Level of Amputation | Etiology | Unilateral/Bilateral | % of Energy Increase per Unit of Distance |
---|---|---|---|
Transtibial | Traumatic | Unilateral | 25% (short: 40%; long: 10%) |
Bilateral | 41% | ||
Dysvascular | Unilateral | 40% | |
Transfemoral | Traumatic | Unilateral | 60%–70% |
Dysvascular | Unilateral | 100% | |
Transfemoral + transtibial | Bilateral | 118% |
Athletes with amputations or congenital limb abnormalities can compete in a variety of sports with various permissions for adaptive equipment, which may allow the use of a prosthesis, or the athlete can compete in certain wheelchair sports.
Injury patterns among amputee athletes are similar to those for athletes without disabilities; however, the severity and location of the missing limb dictates the frequency and type of injury. Lower extremity amputees are at risk for injuries in both intact and residual limbs. The distal residual limb is often the site of skin trauma due to the prosthesis. Altered biomechanics, because of the asymmetric need for power and propulsion, may predispose athletes to knee, hip, sacroiliac, and lumbar spine pain. Alternatively, an amputee may rely too heavily on the intact limb, which can increase the risk for overuse injuries and osteoarthritis.
Similarly, in upper extremity amputees, altered use and load patterns of the intact limb can result in pain and injury to either limb or axial structures. Overuse injuries such as shoulder impingement, rotator cuff tears, epicondylitis, and peripheral nerve entrapments are common in the intact limb of upper extremity amputees. Differences in weight and swing excursion between the upper extremities, as well as the need to compensate at the shoulder for loss of distal joint function, may cause significant asymmetry in the demands of the thoracic and cervical spines and paraspinal and parascapular musculature, resulting in pain and dysfunction. Treatment for many of these conditions is identical to that for nonamputees. In addition, however, precise fitting of prostheses in this population is a critical aspect of beneficial treatment.
After amputation of the limb and subsequent fitting of a prosthesis, the skin of the distal portion of the residual limb becomes a weight-bearing surface and as a result is at increased risk for skin disorders. Although studies can vary, studies range from 40% to 73.9% of amputees with at least one skin problem. Risk factors that have been identified are male sex, older age, and amputation from diabetes or peripheral vascular disease.
Rashes are frequently observed in persons who use prostheses. A noninfectious allergic rash should trigger examination of the type of liner used, with the goal of incorporating material that is less irritating and that promotes greater perfusion of sweat away from the skin. An allergen (including detergents, lotions, or the liner material) has been the cause in up to 43% of patients with dermatitis. Cleaning the residual limb and prosthesis regularly can prevent rashes. Prevention of infections is a key priority and often a source of concern. Folliculitis, boils, and abscesses should be treated appropriately, along with keeping the skin dry and clean. As such, a break from the prosthesis may be warranted. Keep in mind that the rash could also be fungal, which is commonly seen in excessive sweating. The rash would need to be treated, but long-term solutions to decrease the sweating by using an antiperspirant can be considered.
Verrucous hyperplasia is a wartlike lesion that may develop at the distal end of the residual limb. It may occur as a result of untreated proximal residual limb constriction (choke syndrome) from a socket or wrap that has caused decreased pressure in the distal residual limb. Edema formation occurs and over time will result in wartlike skin overgrowth. The reversal and treatment of verrucous hyperplasia consists of equal distribution of pressure through the residual limb by relieving proximal constriction and reestablishing total contact within the socket.

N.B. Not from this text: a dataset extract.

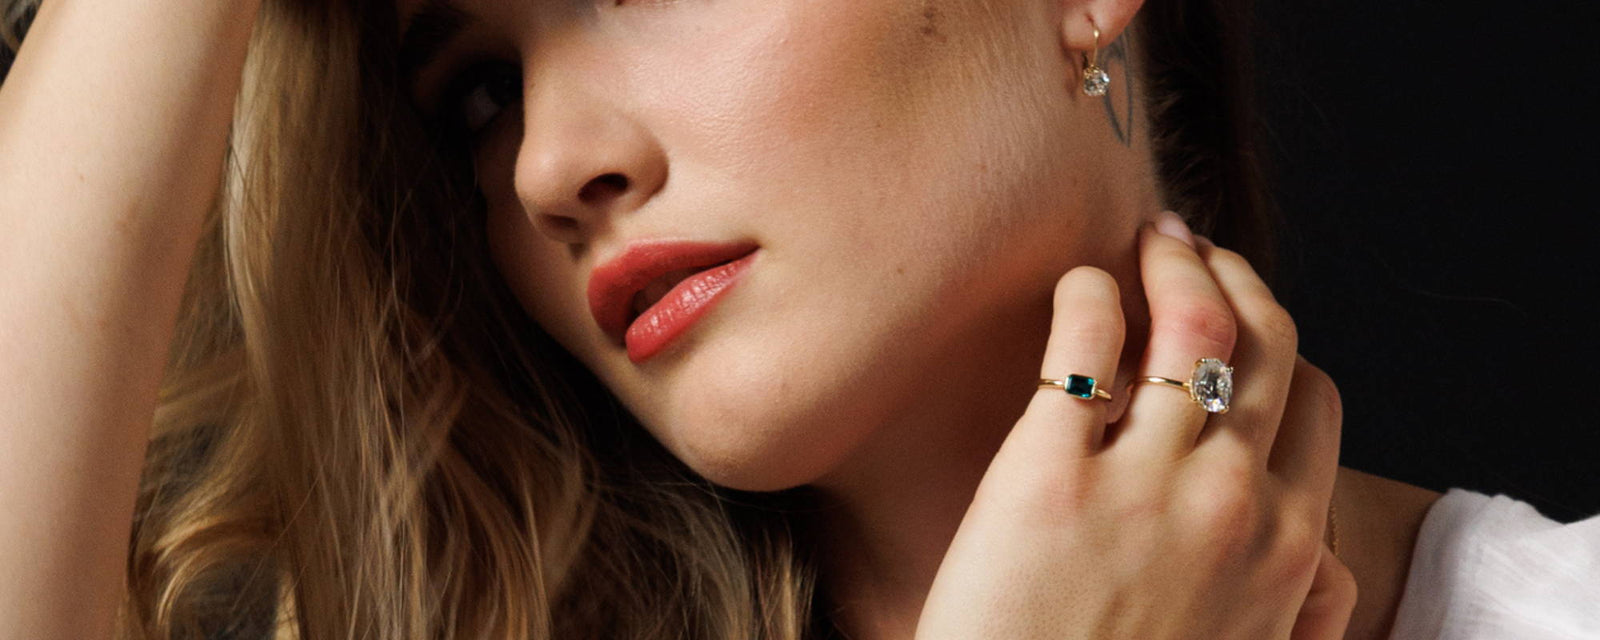 Pinky Rings Are The New Jewelry Trend You'll Want to Wear Every Day

Blisters and sores are very common and can occur as a result of friction between skin of the residual limb and the prosthesis. Skin breakdown may also occur when pressure is applied disproportionately to a pressure-sensitive area of skin on the residual limb, such as the tibial tubercle in a transtibial amputee. The risk may be compounded by impaired sensation in the residual limb or sweating with athletic activity, which may increase moisture at the skin-socket interface and heighten the risk for skin breakdown. A properly fitting socket will normally prevent blisters and sores, and it is important to maintain a good socket fit by adding and removing socks throughout the day to adjust for volume reduction,
The formation of bone in tissues that are not normally ossified, heterotopic ossification (HO), usually evolves after traumatic brain injury, spinal cord injury, burns, and total arthroplasty. Recently, HO has been reported to develop frequently in injured tissue of residual limbs in traumatic amputees, which may increase risk of skin breakdown or stimulate pain with weight bearing. HO is also more likely to develop around joints and muscle adjacent to trauma and typically develops within the first 6 months to a year after amputation. The development of HO typically occurs during the time an amputee is beginning prosthetic training. Thus the majority of persons with HO are diagnosed prior to engaging in athletic competition, which facilitates modifications in design of the socket and vigilance for signs of skin breakdown. Treatments for HO can include ROM, physical therapy, radiation, surgery, and medications. Treatment options vary with location of the HO and medical comorbidities of the patient; therefore treatment should be tailored to each patient specifically.
Bone spurs and overgrowth can occur in cases where the periosteum of the bone is stripped during surgery or from trauma. The bone grows faster than the overlying skin. Bone spurs are more common in kids with acquired amputation and in young adults with traumatic amputations.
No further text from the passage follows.